In the last blogpost we counted a lot of names to determine how NE-Asians are represented among songwriting competition winners. In this post we take a closer look at some methods to determine ethnic composition of a dataset by surname analysis.

Without the anatomical baggage, the theory of NE-Asian relative underperformance boils down to “whatever Ashkenazim have that makes them successful (beyond the absolute IQ-value), NE-Asians probably have slightly less of it than Europeans”.

So we are naturally interested in the Ashkenazi representation among songwriting competition winners. We try to calculate it using two datasets of Ashkenazi names [1],[2]. Using the first set of names we count 17% percent Ashkenazi names among songwriting competition winners, using the second set of names we only find 6.5%. This mostly tells us that we cannot reliably assess the number of Ashkenazim with this method. There are too many names listed that are quite common among gentiles as well. And on the other hand, it is unclear how complete the lists are.

It seems counting Ashkenazim is methodologically significantly more difficult than counting NE-Asians. And of course the same holds true for African-Americans or Hispanics, who share a lot of surnames with White Americans.

Counting Ashkenazim is a time-honoured method that has been used to advance many different theories. Due to the Ashkenazi IQ advantage of 10 points, Ashkenazi overrepresentation can, for example, be used to assess the intellectual difficulty of a feat. For very high profile samples it is possible to check ethnicity by hand.
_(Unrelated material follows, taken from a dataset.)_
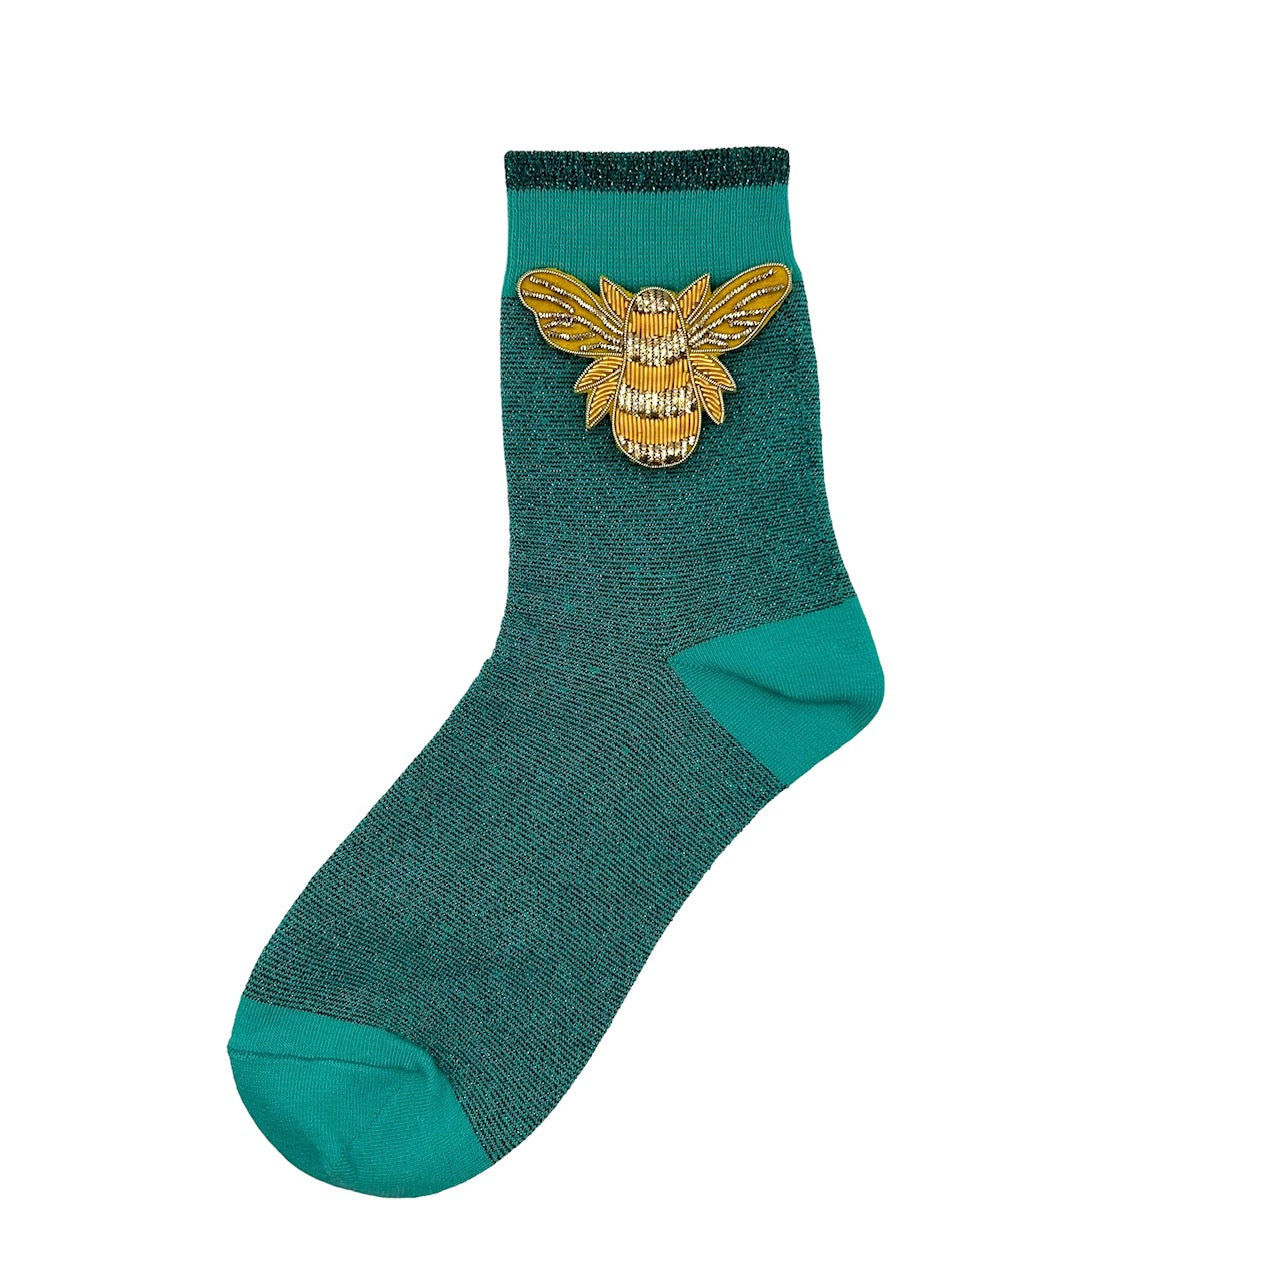 Tokyo socks in turquoise with a gold bee brooch

For the NE-Asian songwriters this was only possible because a look at a picture is enough. Generally this is not possible for Ashkenazim which leads to a lot of potential data fudging. We would really like to do better than that.
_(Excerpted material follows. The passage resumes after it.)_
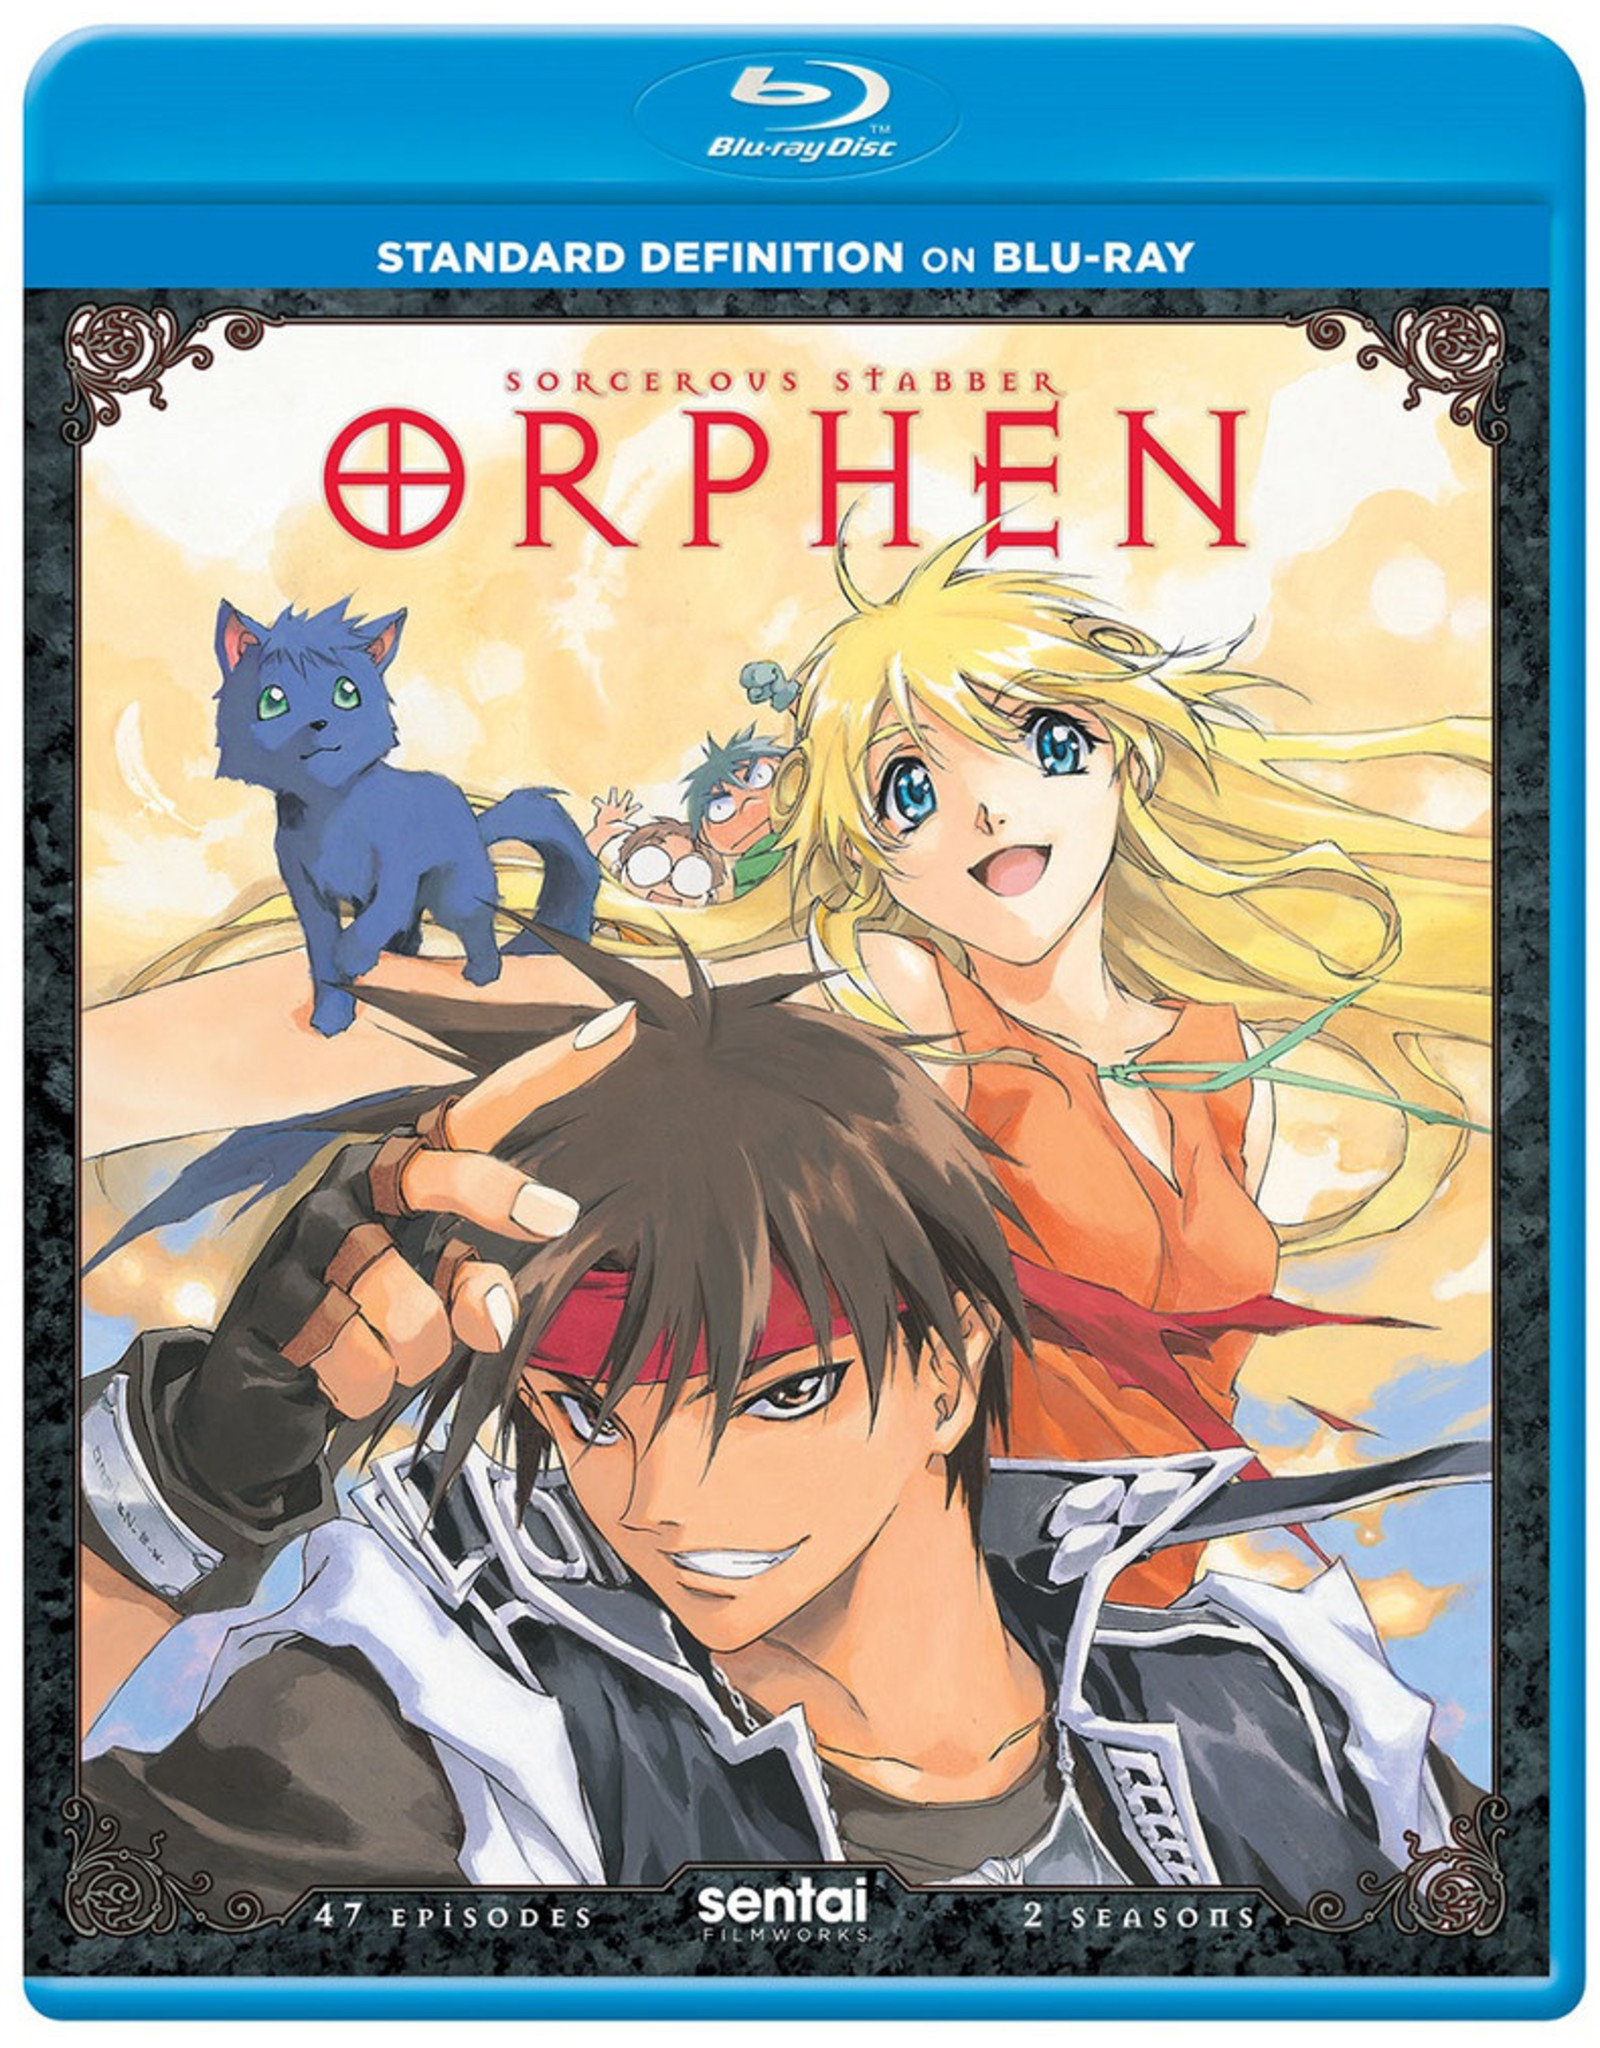 Sorcerous Stabber Orphen Complete Collection Blu-ray

How do we accurately and objectively assess the likely number of Ashkenazim in a sample of surnames? Let’s assume we have the probability distribution of Ashkenazi family names, i.e. the frequency with which each name appears in the Ashkenazi population. We also have the surname distribution in the general US population. Then we can create a mixed distribution of x% Ashkenazim and 100-x% non-Ashkenazim and calculate the likelihood of our sample given this mixed distribution. The likelihood is just the product of frequencies of the names in the sample. By doing this for different x we can find the mixed distribution that leads to the maximum likelihood of our sample. The x% used to create this maximum likelihood distribution is our best guess at the Ashkenazi percentage in our sample. Possibly, we have to adjust the percentage by the fraction of the population that is actually covered by our name database.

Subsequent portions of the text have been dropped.